I've been a recovering Sonic fanboy for the past few years, and I have to say, everything bad you've heard is pretty much true.
And oh god, the fanfiction... *shudders*
Mind you, I still enjoy most of the games... up to about Sonic Adventure 2, that is.


----------



## Sauvignon (Oct 26, 2010)

Sonic fans?


----------



## Pine (Oct 26, 2010)

most Sonic fans are those creepy pale kids you would see that ran with their arms behinds their backs


----------



## SirRob (Oct 26, 2010)

Pineapple92 said:


> most Sonic/Anime/Furry fans are those creepy pale kids you would see that ran with their arms behinds their backs


Fix'd


----------



## KarabinerCoyote (Oct 26, 2010)

Sauvignon said:


> Sonic fans?



I'm partial to the XF-84H Thunderscreech myself. Wait, that's a supersonic fan. The prop bladed generated lots of sonic booms.


----------



## ConkerTheSquirrel (Oct 26, 2010)

I was raised as a christian, but I do not treat myself as a religious person, but holy shit i didn't know sonic fans could sink to a new low..


----------



## Kit H. Ruppell (Oct 26, 2010)

ConkerTheSquirrel said:


> I was raised as a christian, but I do not treat myself as a religious person, but holy shit i didn't know sonic fans could sink to a new low..

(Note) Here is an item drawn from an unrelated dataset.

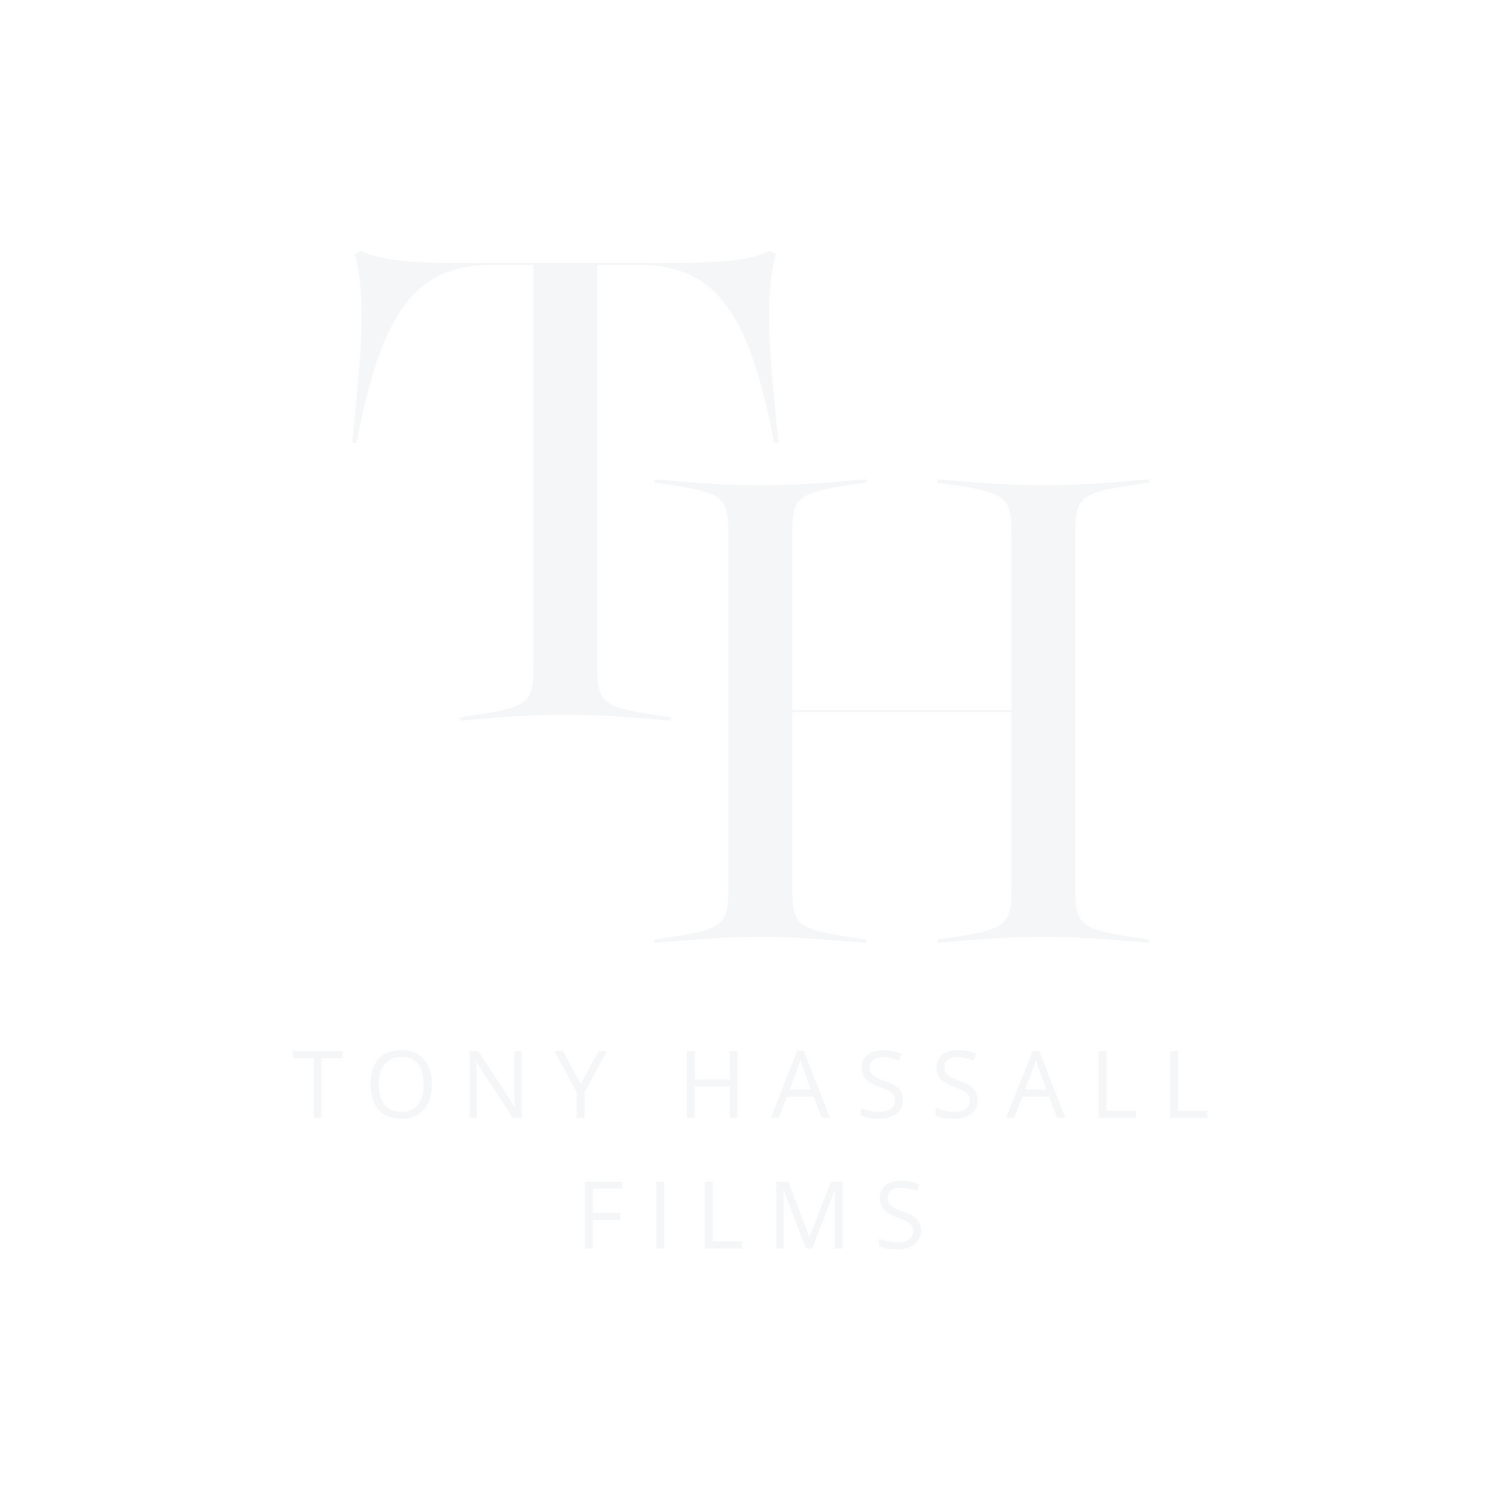 Tony Hassall Films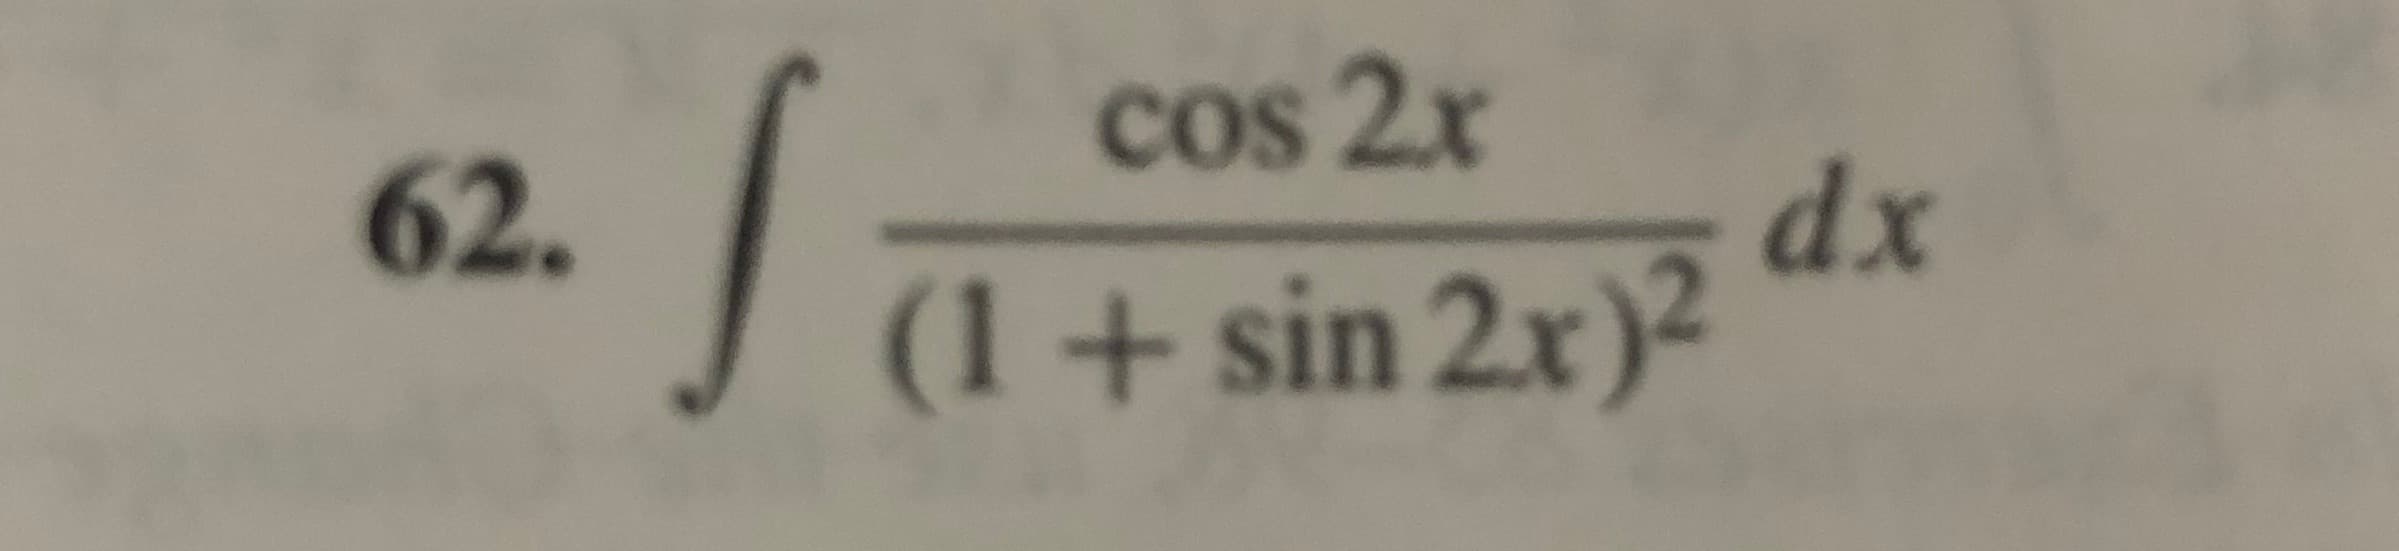 cos 2x
62.
dx
(1+ sin 2x)²

Were they trying to bring Christianity into the Sonic universe or trying to bring the Sonic universe into Christianity?
Either way, repent your sins or Eggman will conquer the world!


----------



## Sauvignon (Oct 26, 2010)

KarabinerCoyote said:


> I'm partial to the XF-84H Thunderscreech myself. Wait, that's a supersonic fan. The prop bladed generated lots of sonic booms.


 
Yeah, get your facts straight. Sheesh. That is way cooler than a ceiling fan, though.


----------



## Kreevox (Oct 26, 2010)

I've liked sonic for years now, you would never know, unless you saw either of the 2 sonic t-shirts I have


----------



## Beta Link (Oct 26, 2010)

Hey now, fans of the Doctor's sonic screwdriver aren't all that bad.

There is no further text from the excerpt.